Minutes of a Board Meeting is a formal written record, in physical or electronic form. In short, board meeting minutes contain a summary of the matters discussed and decisions taken at such meeting. Further, all companies registered in India are required to maintain minutes, except OPC and Section 8 Company,.

The minutes shall be maintained as per the manner prescribed in Section 118 of the Companies Act, 2013 and Secretarial Standard on Meetings of Board of Directors issued by the Institute of Company Secretaries of India (ICSI).

Board Meetings

As per section 173(1) of the Companies Act, 2013, every company is required to hold its first Board Meeting within 30 days of incorporation.

Thereafter, a company is required to hold at least 4 Board Meetings in each Financial Year and the gap between two meetings shall not be greater than 120 days.
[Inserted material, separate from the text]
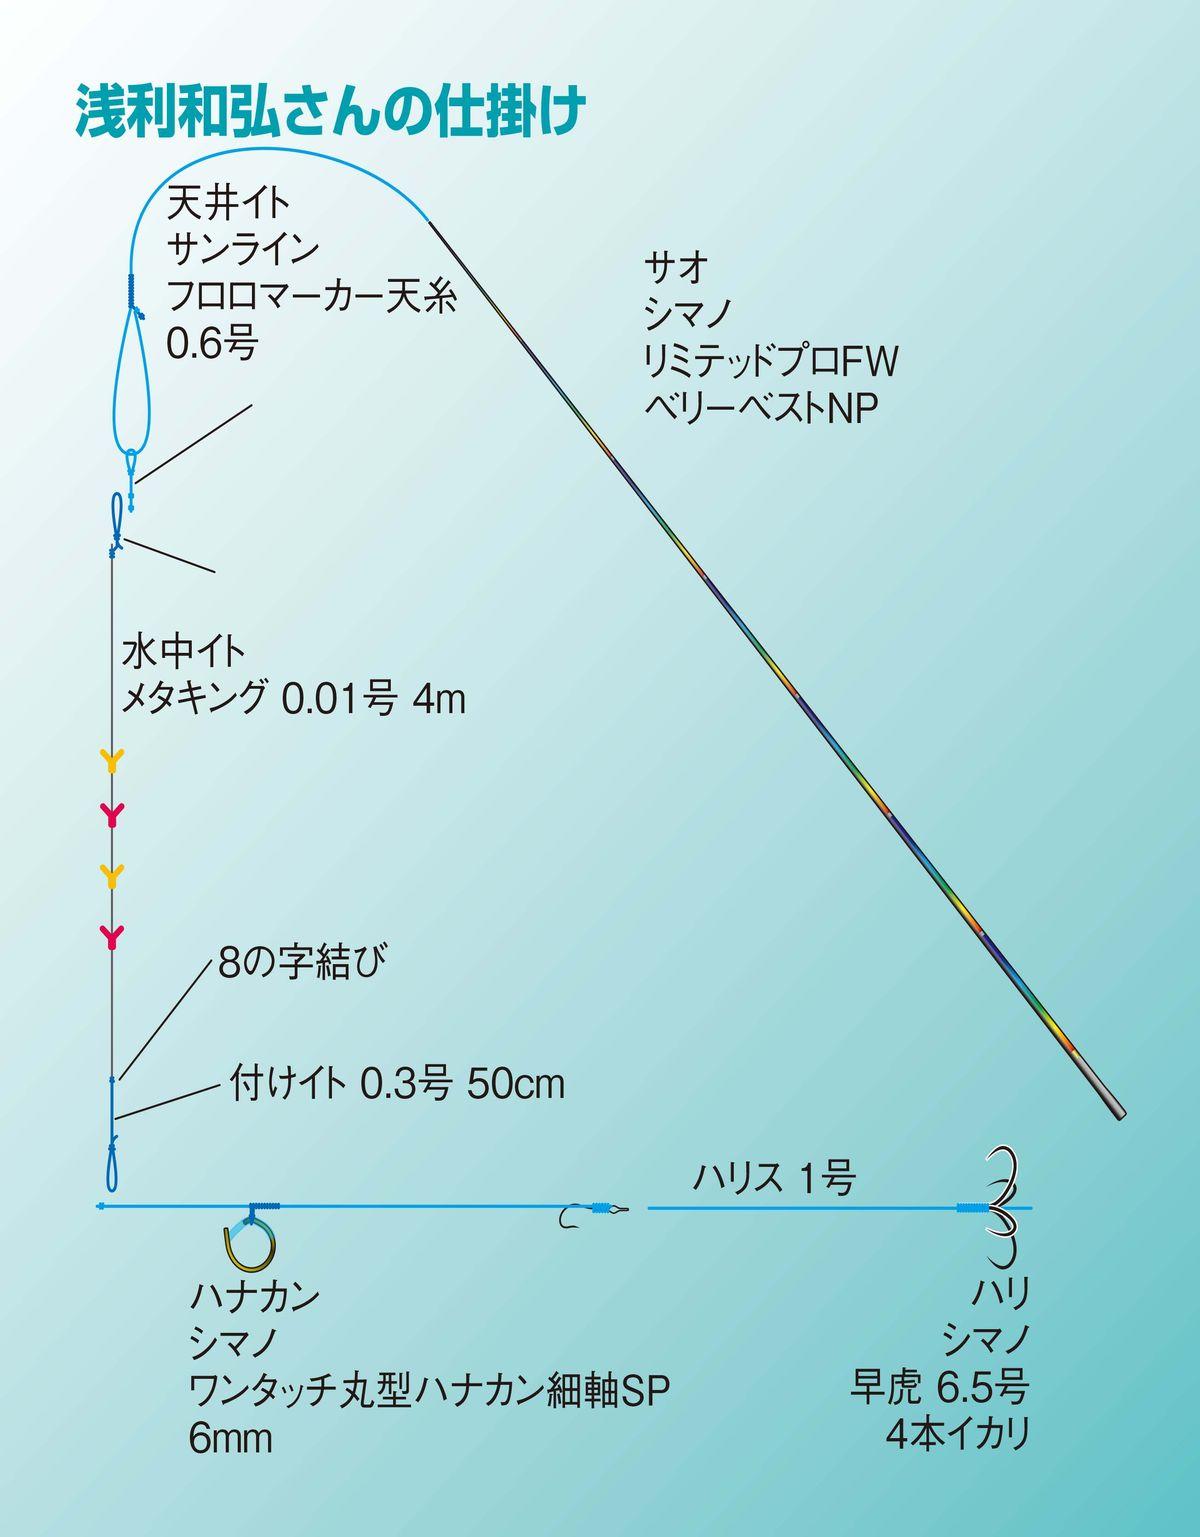 028-031kozagawa-metaking_cs6 (1)

Agenda Items for first Board Meeting

The following items must be a part of the minutes of the first board meeting:

  1. Elect the Chairperson of the meeting
  2. Grant leave of absence to the Directors who couldn’t attend the meeting
  3. Authorize a person to record the proceeding of Board Meetings.
  4. Authorize a director of Company to certify and circulate certify copy of Board Minutes.
  5. Note the Certificate of Incorporation of the company, issued by the Registrar of Companies
  6. Take note of the Memorandum and Articles of Association of the company, as registered.
  7. To take note of the Registered Office of the company.
  8. To confirm/note the appointment of the first directors of the Company
  9. Disclosure of interest of Board of Directors of the Company as per the provision of Section 184 of the Companies Act, 2013.
  10. Disclosure of disqualification to act as a Director of the Company as per the provision of Section 164 of the Companies Act, 2013.
  11. Fix the Financial Year of the Company.
  12. Appoint first auditor of the Company.
  13. Take note of subscribers to Memorandum
  14. Authorize the issue of Share Certificates to the Subscribers of Memorandum.
  15. Authorize the directors to file forms with MCA
  16. Approve Preliminary Expenses and preliminary contracts
  17. Authorize a Director to Maintain Books And Registers of the company at registered office.
  18. Any other Items with the Permission of the Chair

Hence, it must be made sure that the above-mentioned agendas are taken in to account in the first board meeting.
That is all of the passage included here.